When The Kithship Collective, an arts organization I help run, started planning for a pasture concert on the ranch in early August, the last thing on our mind was coming up with an alternate location in case of rain.
I have, unfortunately, had to cancel many an outdoor event due to high winds, and we’ve certainly been chased in by sudden summer storms, but the idea that we might not be able to hold a concert because of a slow, steady evening-long rain in August?
Well, it only occurred to us as a thing to crack jokes about, as in, “At least we don’t have to worry about rain, hahahahahahaha …”
Yes, August may bring an abundance of grasshoppers, flies or on a bad year garden-crushing hail, but never, ever the kind of rain shower that would require cancellation of an outdoor event.
The end of July brought a few days with temperatures in the triple digits, which is exactly what one would expect for our part of the prairie. Most of July had been unusually cool; however, and it’s been a surprisingly un-windy summer as well, so I was starting to get nervous. Surely, we couldn’t expect things to remain calm and pleasant.
We were planning to film the concert, and that meant we really needed good sound — even a tiny bit of wind can wreck a live recording. After the unusually temperate summer, it seemed we were overdue for the kind of extremes that usually characterize our weather patterns here.
At the last minute, we decided to move the concert from a relatively open area to our yard, where we’d have more staging options if we needed them.
Unexpected
And then sometime last week our cellphones started warning us of flash floods.
“Flash floods?” I said to my husband, looking down at my phone, then staring up at the white, blazing sun. I’d just gotten done painting a wall in the outbuilding we’d decided to use as the makeshift stage for the concert, and my paint-splattered shirt was soaked with sweat. Above our heads, there wasn’t a single cloud in the bright blue sky, and there was nothing but more blue for miles in every direction. Flash floods were the last crisis I could possibly imagine.
“It’s for tomorrow,” he said. “It’s supposed to start raining and not stop for a couple days.”
Well. So much for ‘it never, ever rains in August in Western South Dakota.’

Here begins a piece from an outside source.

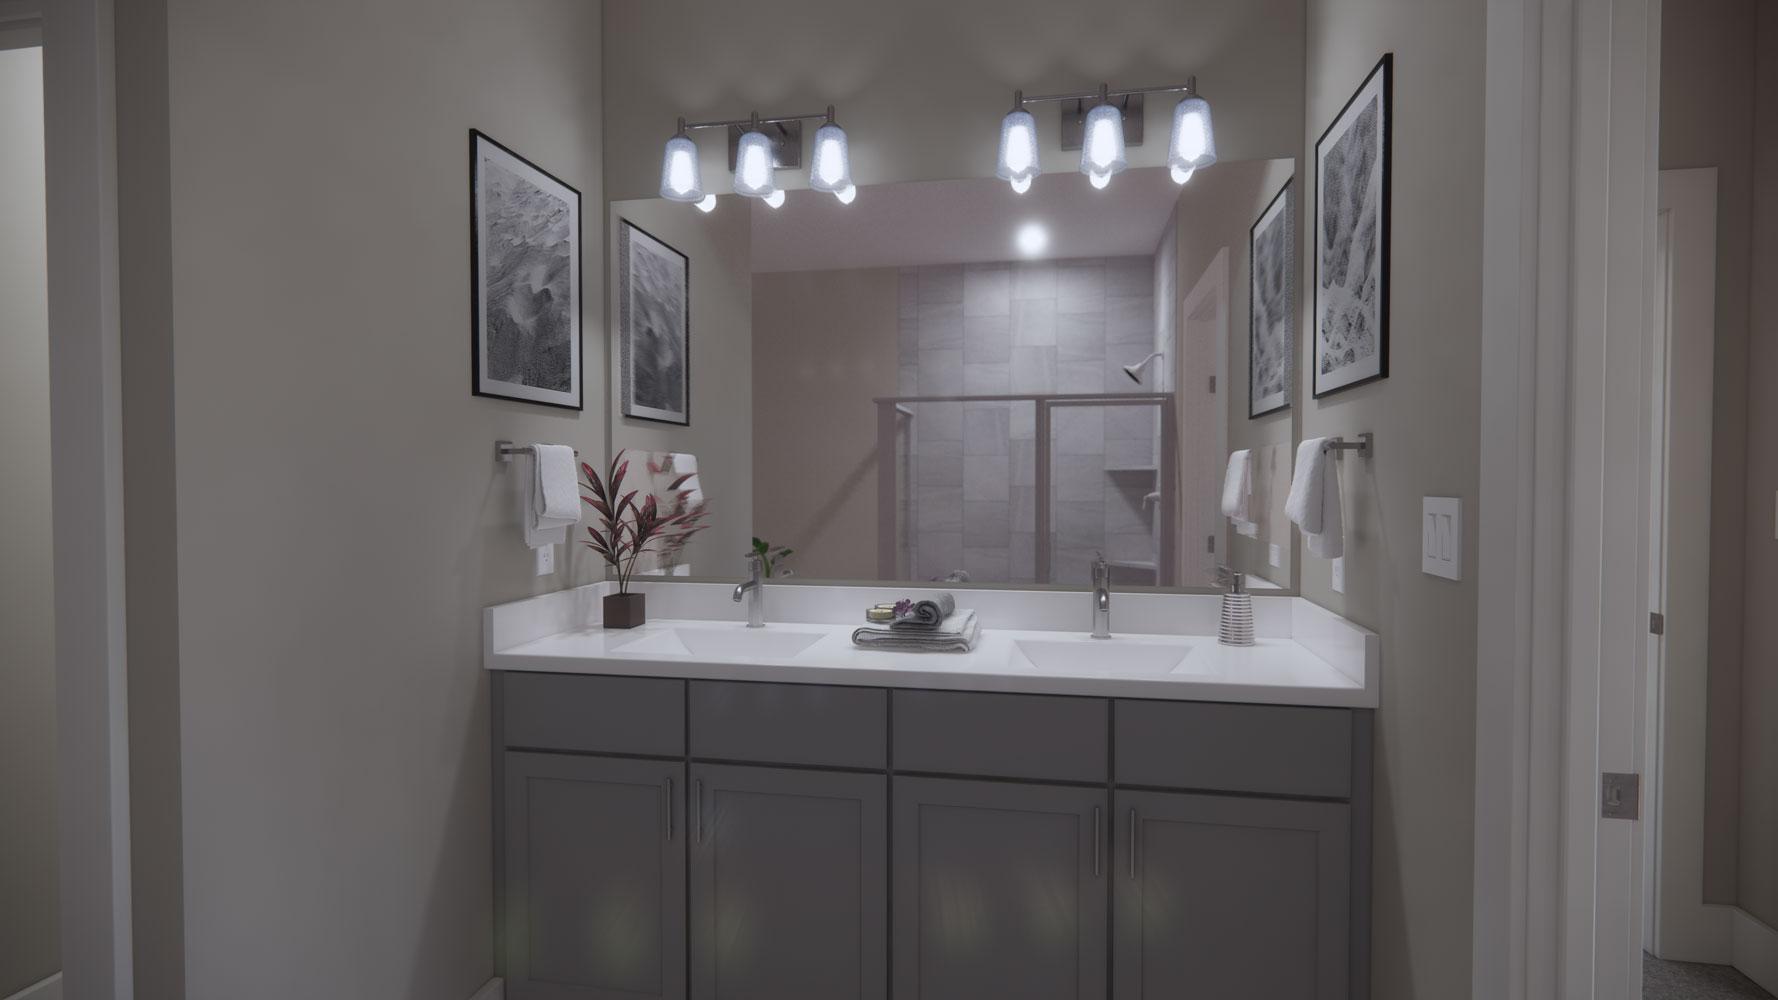 Luxury Bathroom Furnishings at Echelon at Reverchon Bluffs in Dallas, Texas

“Don’t worry,” my husband said, I’m sure noticing the fear that had sprung into my eyes. “It will stop way before the show.”
Fingers crossed
Tomorrow is the concert. By the time this goes to print, the show will be over, and it will hopefully have gone well. As I type this, a hard, steady rain is beating against the window over my desk. The forecast has remained steadfast in its conviction that the rains will indeed cease in plenty of time for us to set up the stage and equipment, and there isn’t predicted to be a breath of wind. Is it possible we will actually get that lucky?
Thankfully, the outbuilding will ensure the show can go on regardless of changes in the forecast, but what about the audience? Navigating the sloppy, mud-fest of our yard after another day of ceaseless rain will be interesting. While the manure rivers that flow from the barnyard after an epic rain event are great for the grass, they might be less great for folks who don’t think to wear tall mud boots to a concert.
Meanwhile, all this rain means the prairie will probably stay green until snow flies, and no one will be sad about that. I am, however, once again considering how hilarious it is that we humans ever attempt to make any plans at all.